Despite downturn and naysayers, Tribune meets credit obligations

Hosting a second-quarter lender conference call Tuesday on Tribune Co.’s most recent earnings report, Sam Zell, company chairman and chief executive officer, said that despite economic headwinds and a 15 percent drop in print advertising revenue, the company continues to meet its debt requirements.

The Tribune Co., which owns The Baltimore Sun, 10 other dailies and 23 broadcasting stations, paid off $807 million in debt this year on one credit facility and owed it another $593 million by June.

 Zell, whose report was bleak except for a 4 percent advertising revenue increase in the company’s broadcast and entertainment area, credited this liquidity position to Tribune Co.’s recent, majority interest sale of Newsday to New York’s Cablevision Co. for $650 million and to its recent commercial paper offering.

“Our industry continues to deal with the short-term effects of a weak economy and the long-term impact of advertising migration to the Internet,” Zell said.

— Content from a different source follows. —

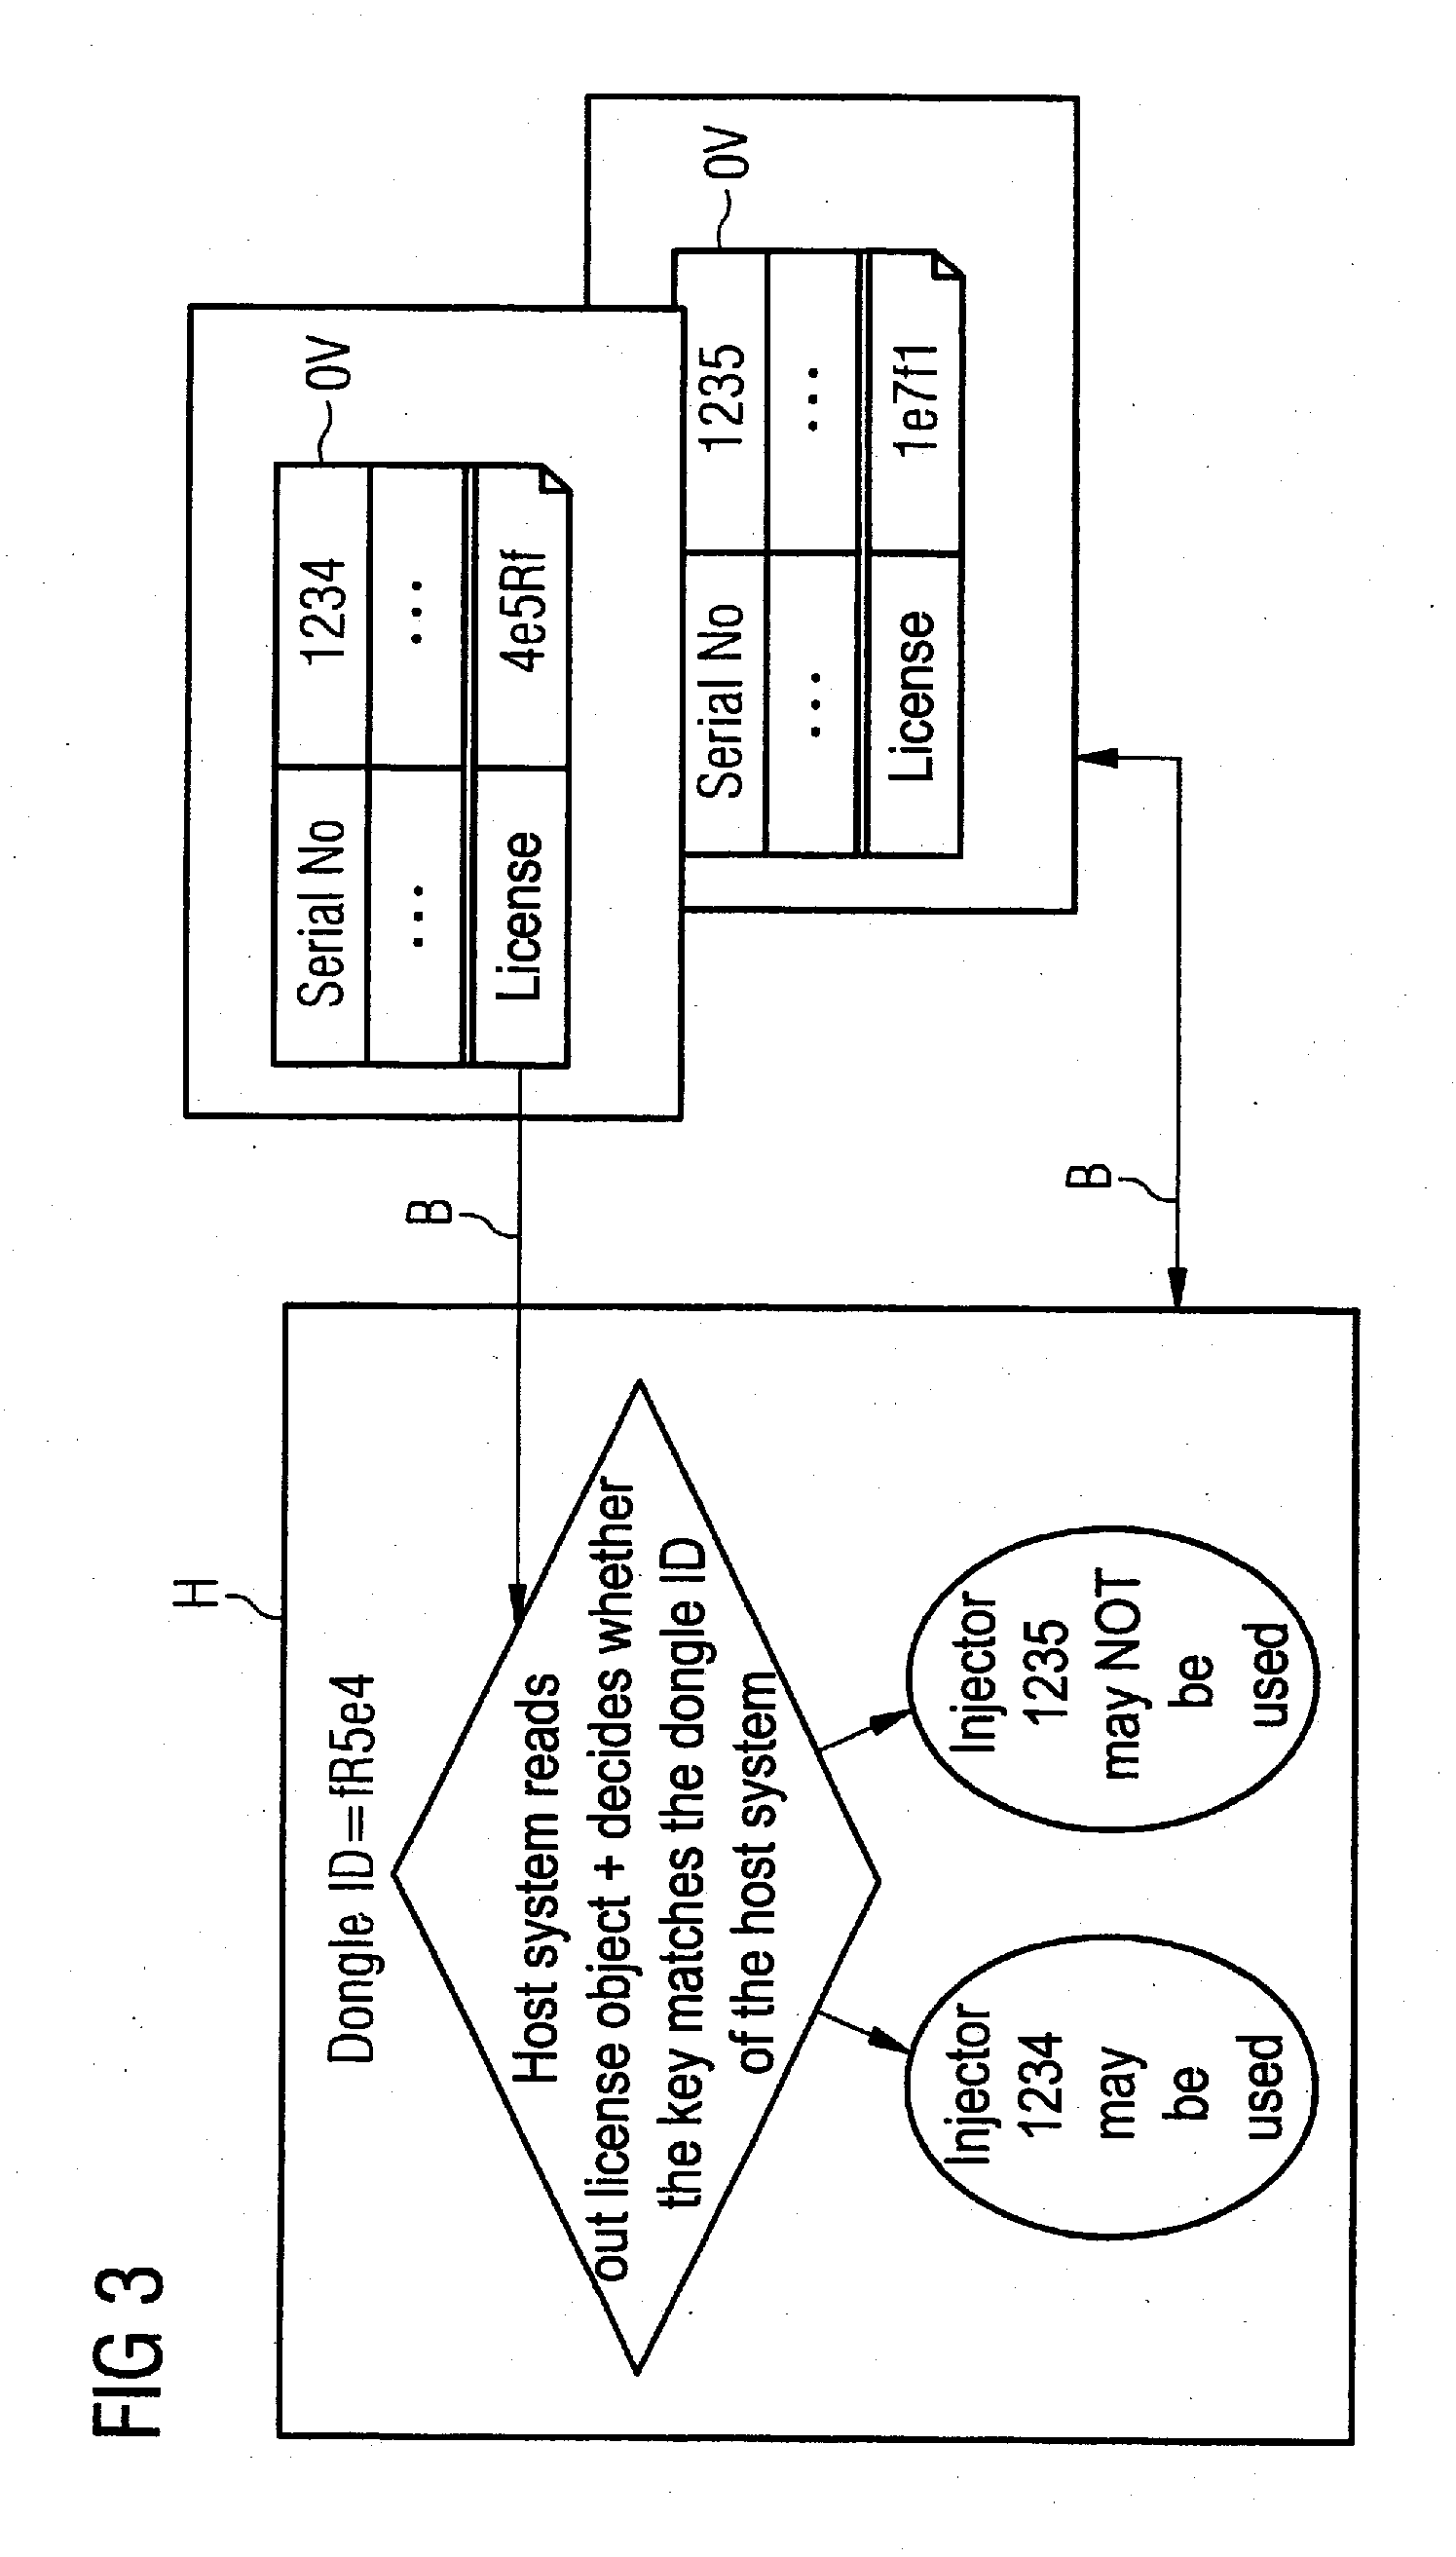 Control of a peripheral apparatus via a canopen interface

Chief Operating Officer Randy Michaels said that redesigned formats at The Baltimore Sun, The Orlando Sentinel, the (South Florida) Sun Sentinel and the Allentown Morning Call were now in place and that “they’re better papers produced by a smaller staff.” Tribune has cut 930 positions companywide, but added 400 new positions, the company said.

In January, Zell orchestrated the privatization of the communications giant for $315 million of his own money, leveraging $8.2 billion in new debt to do so.

Some $10.6 billion of guaranteed debt remains to be paid, according to Tribune Co. Chief Financial Officer Chandler Bigelow.

Tribune Co. is still exploring ways to sell its Chicago Cubs baseball team and stadium, as well as its iconic Tribune Tower and Times-Mirror Square real estate holdings in Chicago and Los Angeles, respectively.